Brief: Write out the stretch of lines below that begins at the line with "Hyundai Of El" and ends at the line with "Montanha de Neve", including both, exactly as given and nothing more.

Records to process:
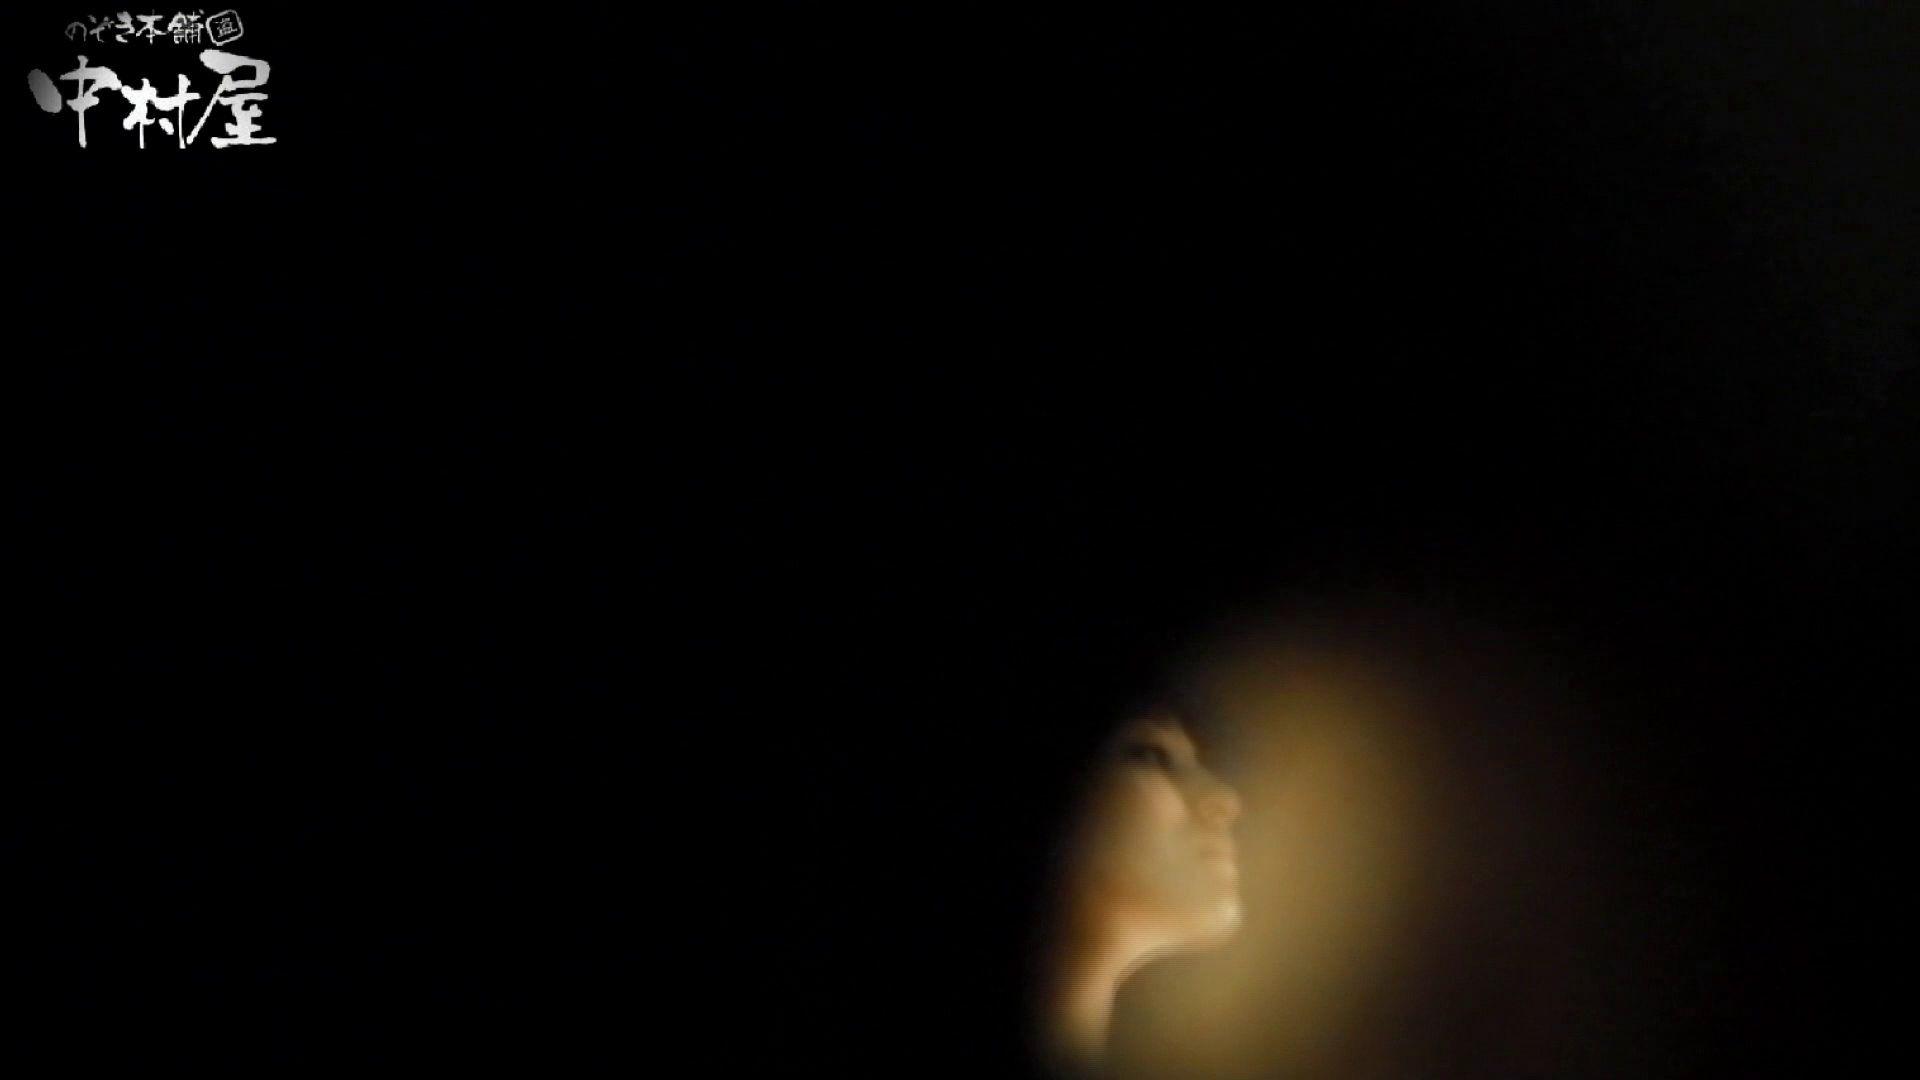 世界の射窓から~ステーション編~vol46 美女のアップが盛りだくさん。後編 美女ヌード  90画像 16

...

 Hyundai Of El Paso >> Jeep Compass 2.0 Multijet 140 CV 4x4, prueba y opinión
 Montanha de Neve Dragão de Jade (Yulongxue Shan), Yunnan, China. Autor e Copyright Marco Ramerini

* * *

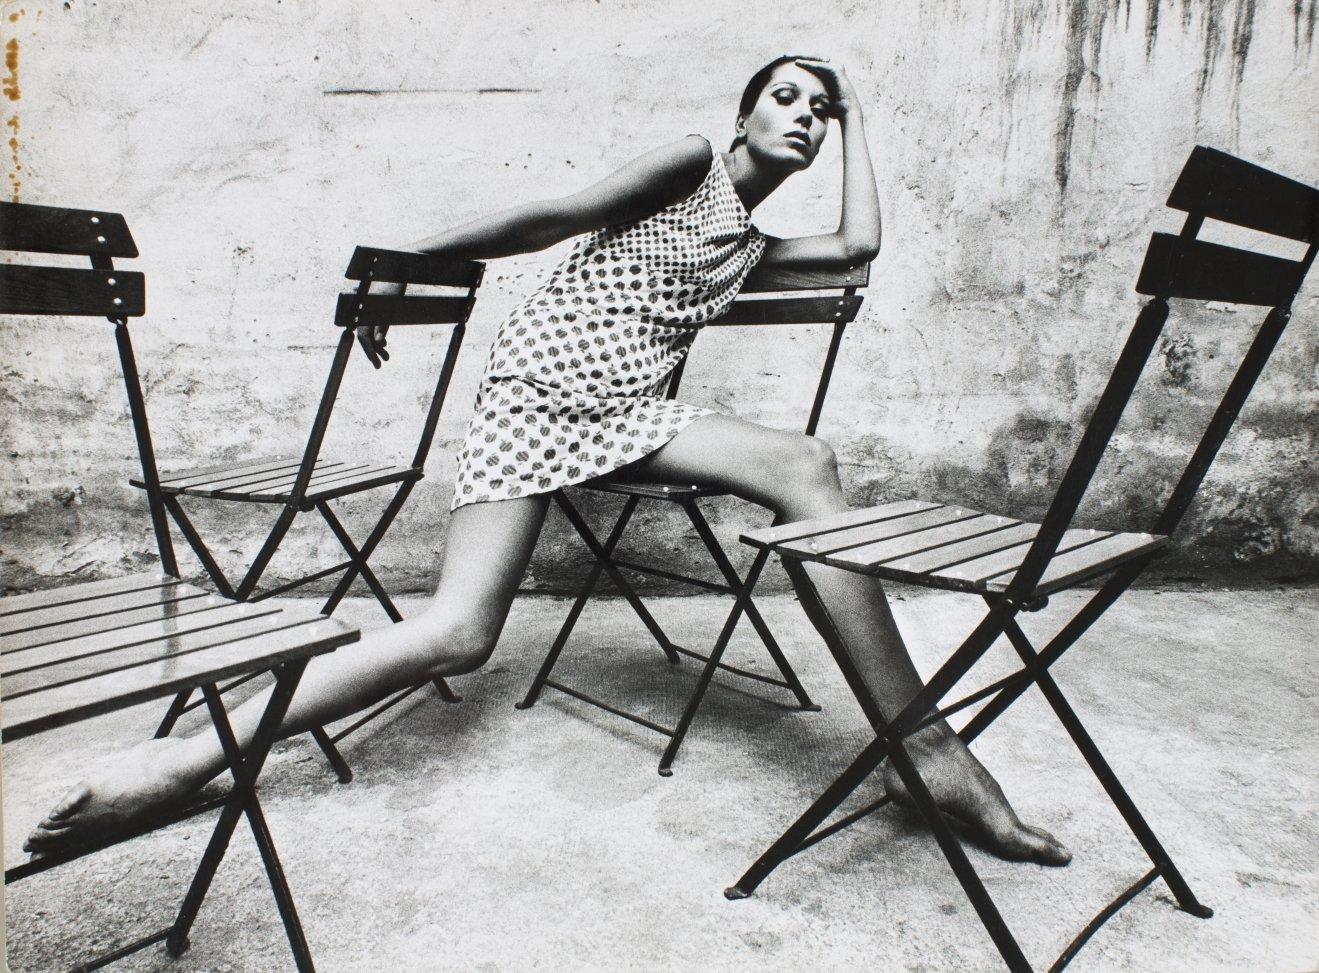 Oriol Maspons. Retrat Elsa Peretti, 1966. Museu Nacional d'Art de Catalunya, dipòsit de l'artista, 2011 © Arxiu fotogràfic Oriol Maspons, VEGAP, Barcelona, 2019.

Written solution:
 Hyundai Of El Paso >> Jeep Compass 2.0 Multijet 140 CV 4x4, prueba y opinión
 Montanha de Neve Dragão de Jade (Yulongxue Shan), Yunnan, China. Autor e Copyright Marco Ramerini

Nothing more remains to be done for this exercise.